Mario Batali: All I can say is thank goodness pop-ups are no longer as popular. Those drove me crazy. Right now I’m seeing fast, casual, eco-friendly chains as an American trend and I have no problem with that. My friend Dana Cowin said it best, that it’s more about the food trends we miss that will be huge in ten years than it is the ones happening right now.

Schawbel: How have you worked your way up in the restaurant/food business and what were your biggest struggles?
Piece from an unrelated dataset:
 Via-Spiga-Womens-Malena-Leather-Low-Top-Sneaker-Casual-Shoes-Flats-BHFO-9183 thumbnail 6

Batali: I’m lucky enough to have had more good times than bad in forging my career, but off the top of my head, working under my culinary hero Marco Pierre White and having hot pans thrown at my face was a low point, a struggle. Also putting everything I had into my first restaurant, Po, on Corneila Street in NYC and then selling it to my partner when we split ways. That was really a struggle, but opened a window for so much more from the knowledge and perseverance I learned from those experiences.

Schawbel: We are living in the age of the celebrity chef and you are one of them. What impact has the media, from this book to TV, had on your career and what is your goal with the platform that has developed from it?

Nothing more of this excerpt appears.